2 months ago I started work on my own neural network, I wrote it and it didn't work. Since then I tried a lot of fixes, viewed a lot of videos, guides, and etc. I got how it should work, but didn't figure out what's wrong.

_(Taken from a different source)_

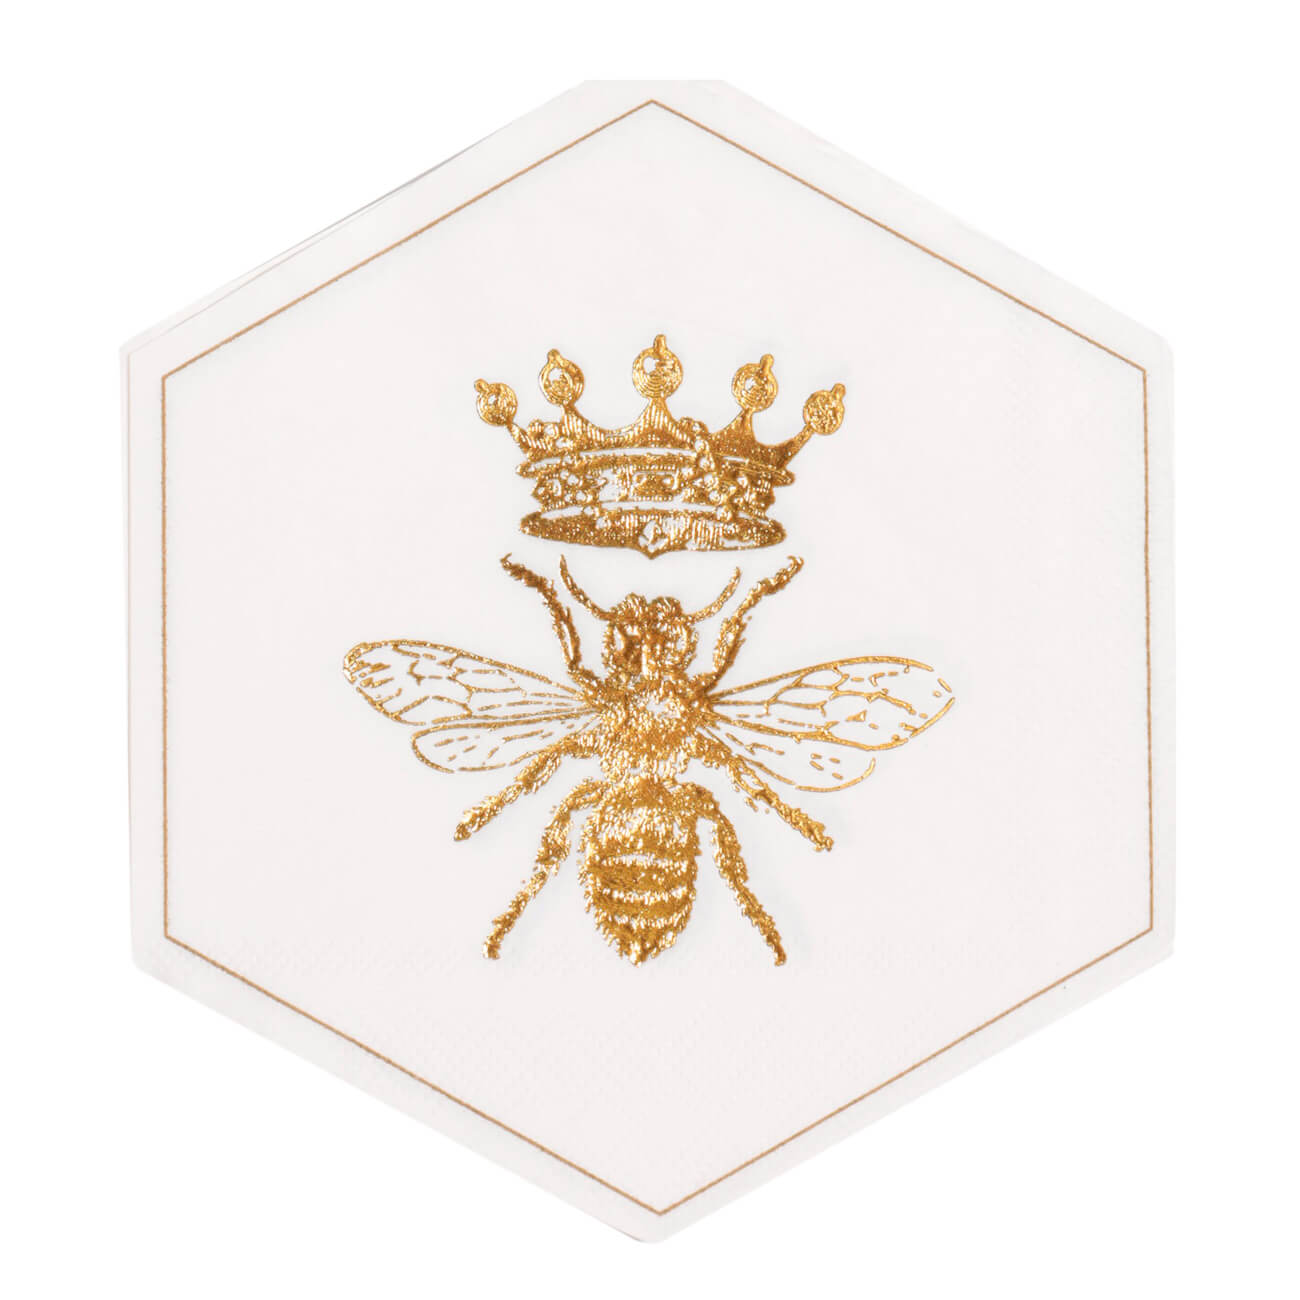 Салфетки бумажные, 32 см, 20 шт, фигурные, белые, Пчела, Honey салфетки paclan 410129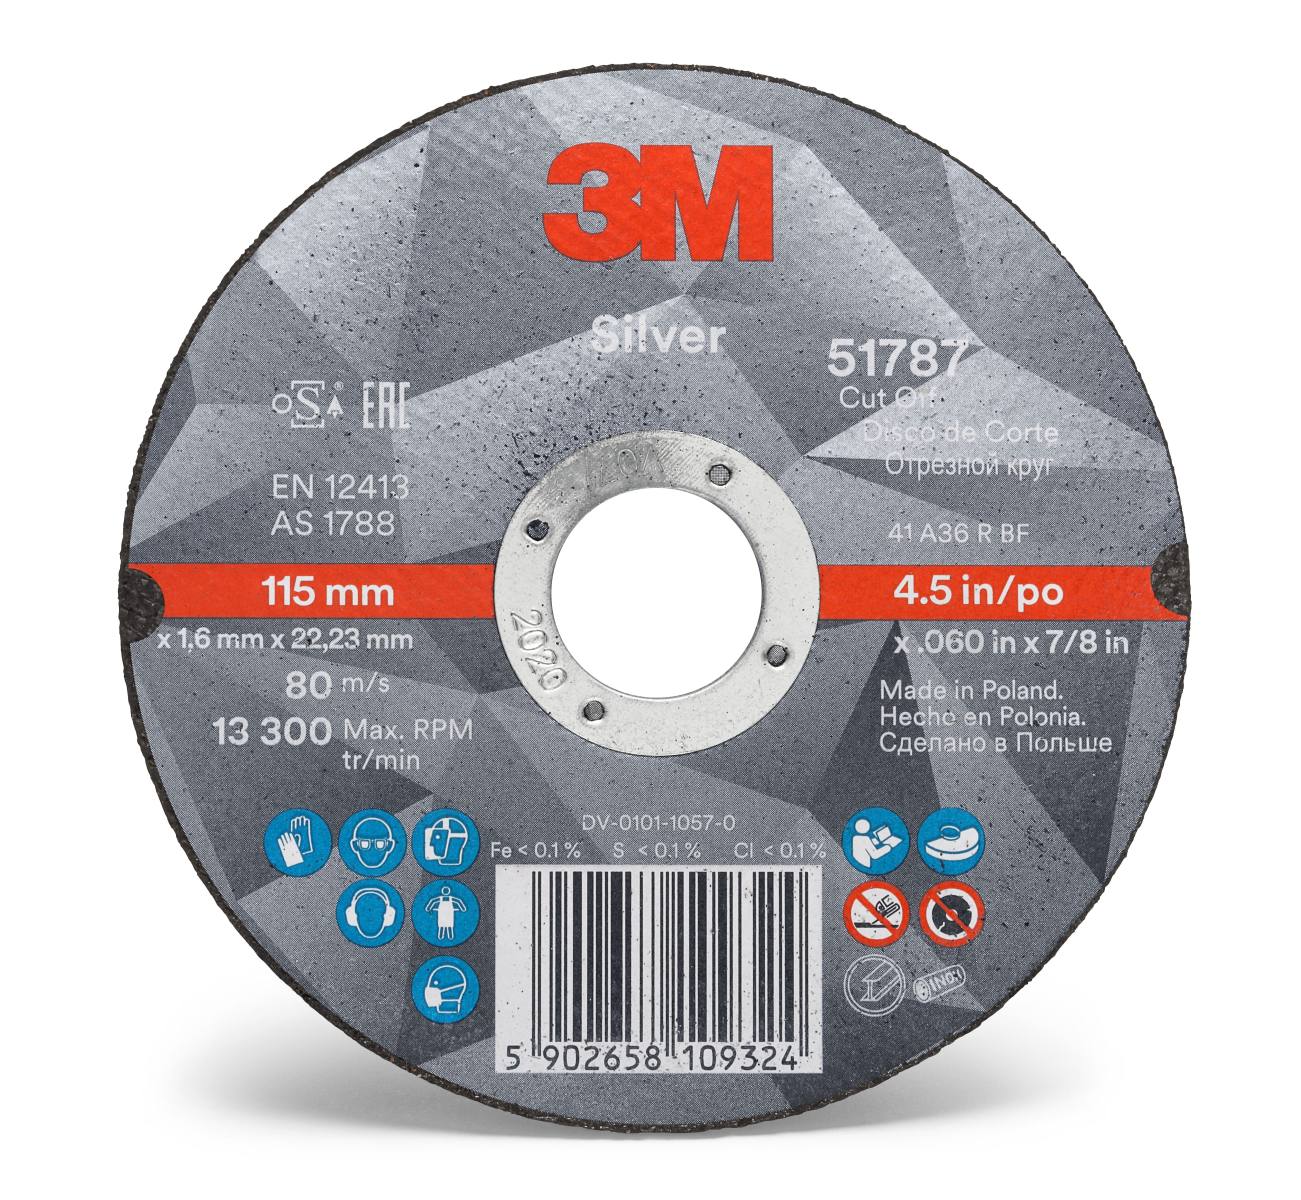 3M Silver Cut-Off Wheel Disque à tronçonner, 100 mm, 1,0 mm, 6 mm, T41, 51771

I hope you will help me to resolve my dilemma.
Below I placed my calculations and here is project repo within all the code you can run, where I clearly hard coded everything: https://github.com/nick4real/NumberRecognizer
// forward prop
[] - 1D array
[,] - 2D array
a0[784] - input layer
a1[16] - hidden layer #1
a2[16] - hidden layer #2
a3[10] - output layer
w1[16,784] - hidden layer #1 weights
w2[16,16] - hidden layer #2 weights
w3[10,16] - output layer weights
b1[16] - hidden layer #1 biases
b2[16] - hidden layer #2 biases
b3[10] - output layer biases
y[10] - expected label
Sigmoid(x) = 1 / (1 + e^-x)
SigmoidDer(x) = x * (1 - x)
z1[i] = Sum(a0[j] * w1[i,j]) + b1[i]
a1[i] = Sigmoid(z1[i])
z2[i] = Sum(a1[j] * w2[i,j]) + b2[i]
a2[i] = Sigmoid(z2[i])
z3[i] = Sum(a2[j] * w3[i,j]) + b3[i]
a3[i] = Sigmoid(z3[i])
cost[i] = (a3[i] - y[i])^2
// backward prop
alpha - learning rate
(x)` - derivative of x
//output
dcost/da3 = (cost)` = 2 * (a3 - y)
da3/dz3 = SigmoidDer(a3)
dz3/dw3 = (z3)` = a2
dz3/db3 = (z3)` = 1 = da3/dz3
//hidden layer #2
dz3/da2 = (z3)` = w3
da2/dz2 = SigmoidDer(a2)
dz2/dw2 = (z2)` = a2
dz2/db2 = (z2)` = 1 = da2/dz2
//hidden layer #1
dz2/da1 = (z2)` = w2
da1/dz1 = SigmoidDer(a1)
dz1/dw1 = (z1)` = a1
dz1/db1 = (z1)` = 1 = da1/dz1
//update
dcost/dz3 = [10]
dcost/dw3 = [10,16]
dcost/dz3[i] = dcost/da3 * da3/dz3 = 2(a3[i] - y[i]) * SigmoidDer(a3[i])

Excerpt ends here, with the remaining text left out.